It was about a Scrapebox side hustle with a pretty simple premise:
You find websites with broken SSL certificates which can cause Insecure Content warnings when you visit their website.
Then, you contact the businesses and offer to fix the issue for them. If/when they agree, you outsource the fix to a developer and take a cut of the fee.
Loopline suggests charging $100 for an SSL fix and then buying a $5 Fiverr gig for a $95 profit.
Here’s what it looks like:
@ryansidehustle Do You Have an Hour a Day?
I decided to give it a try.
Annoyed with Google’s glitchy ‘helpful’ updates and deindexing issues, I decided that it makes sense to experiment with some alternative make-money-online methods.
I used to work at a coaching startup back in 2016 and I managed all of the lead-gen process, so I do have some extra familiarity with the process of generating, vetting and closing leads over the phone and email.
As well, I had a marketing blog for therapists with a warmed-up Gmail business email address lying around, so I figured I’d experiment with outreaching private practice therapists, psychiatrists, and psychologists.
I’ve been running outreach campaigns for about 10 days now and here’s what my lead funnel looks like:
You can see that the open rates are pretty good- basically 50% across the first 3 outreach emails with 255 leads in the funnel.
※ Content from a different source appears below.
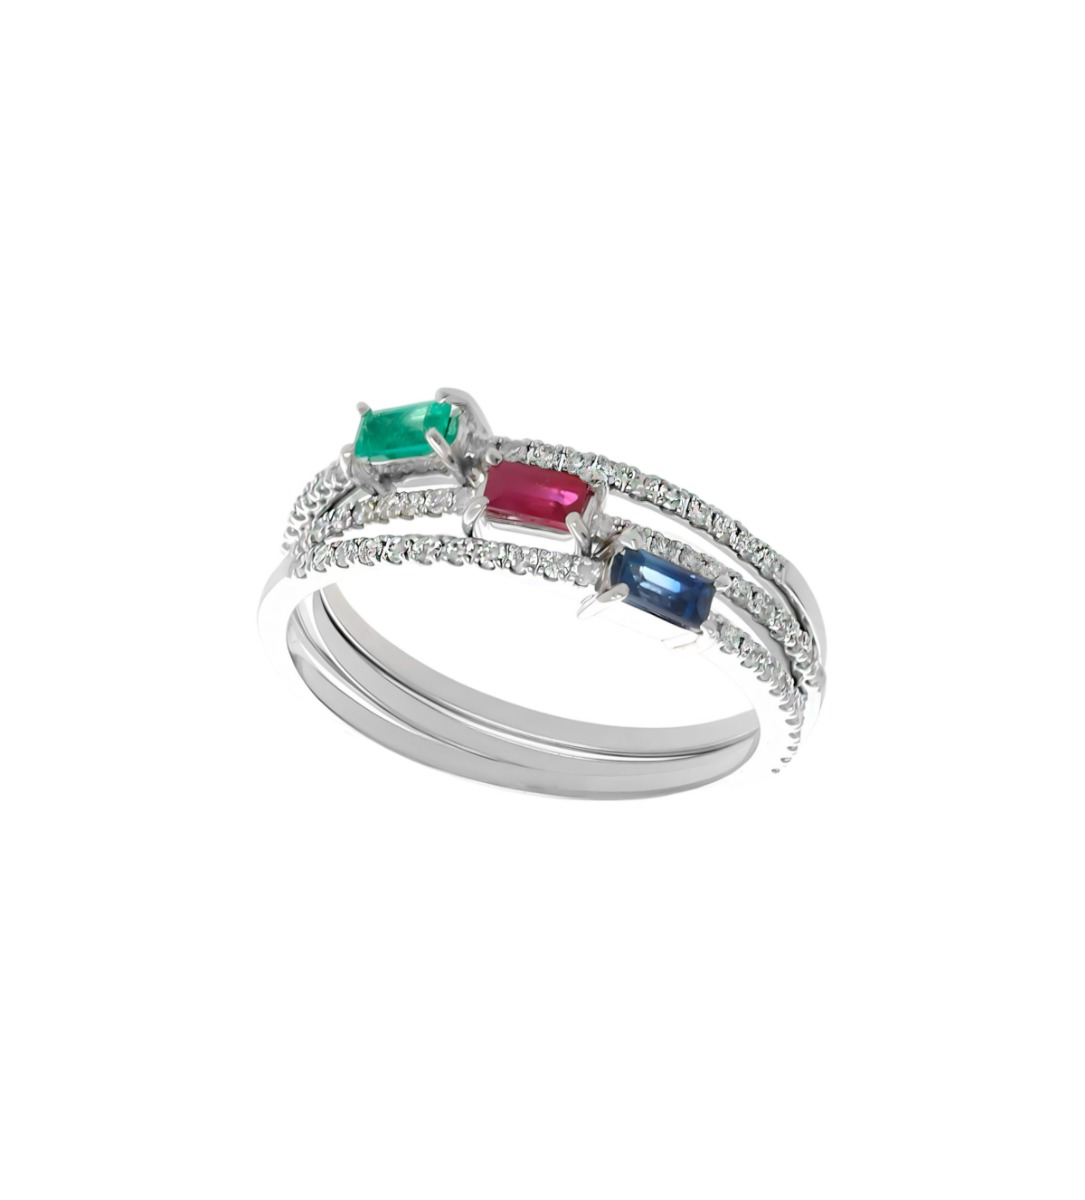 anillo oro blanco y diamantes con rubi esmeralda y zafiro, 3 anillos individuales para formar una joya única, foto 2
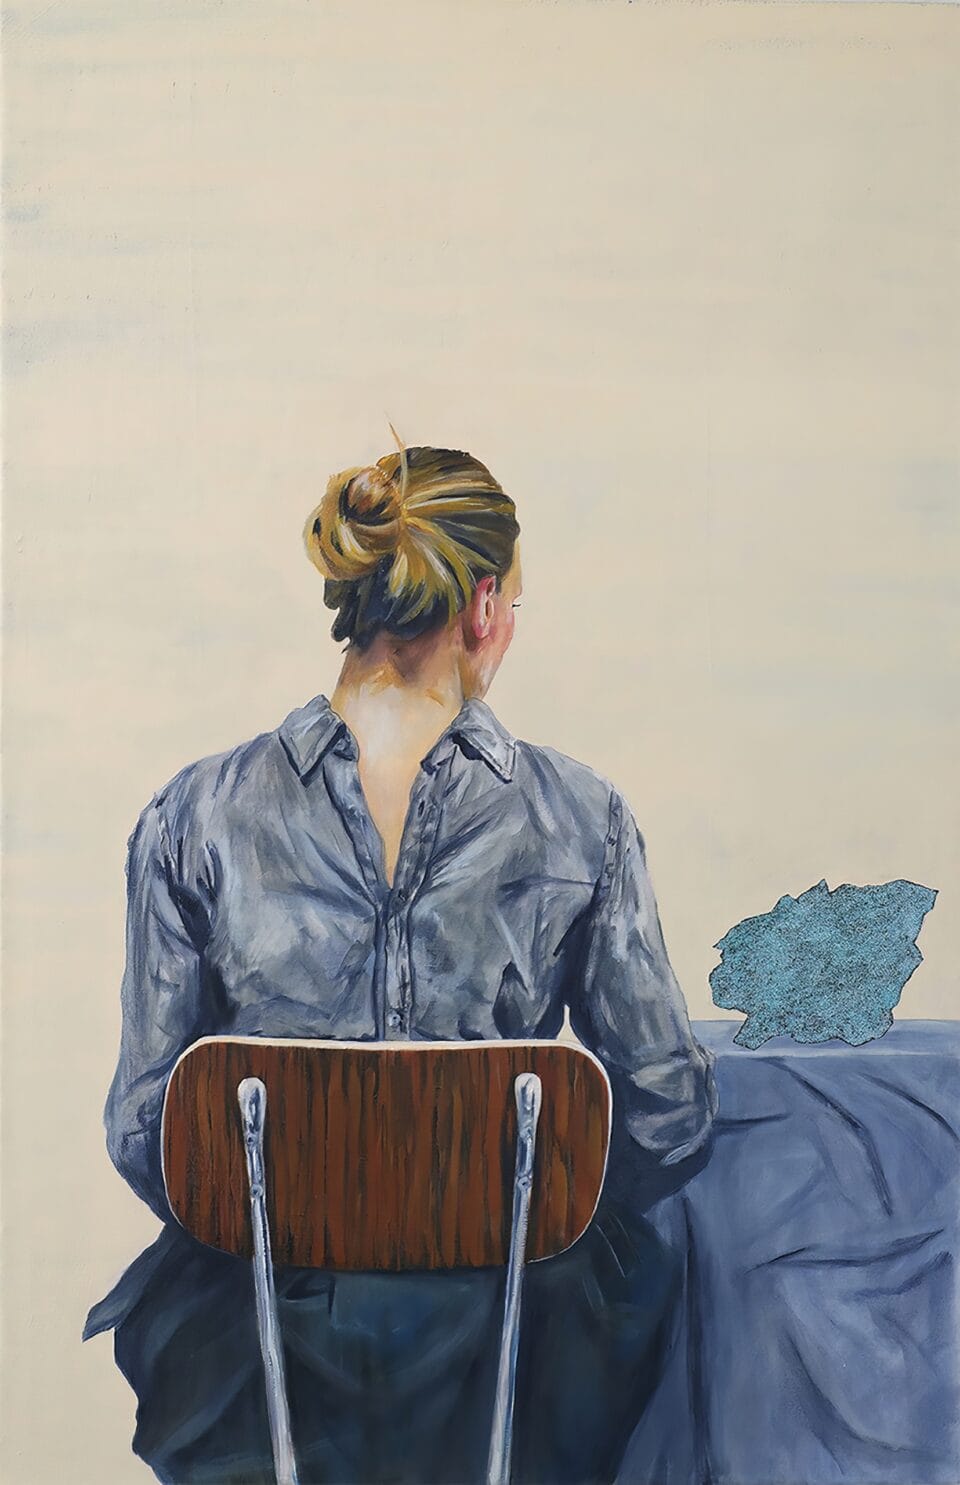 Marie de dos, d'après Hammershøi, 115x75 cm, huile et paillettes sur toile, 2019

The call to action in the first email is asking for a ‘response’ and I added a ‘buy now’ option in Steps 2 and Steps 3. (No purchases yet).
I have received 2 positive responses- someone who wanted a fix and another who wanted to discuss SEO services once she had her website fully set up.
And a couple of negative responses like this one:
The unsubscribe does work! But, I digress…these type of ‘negative’ responses are a necessary consequence of aggressive, cold email out reach.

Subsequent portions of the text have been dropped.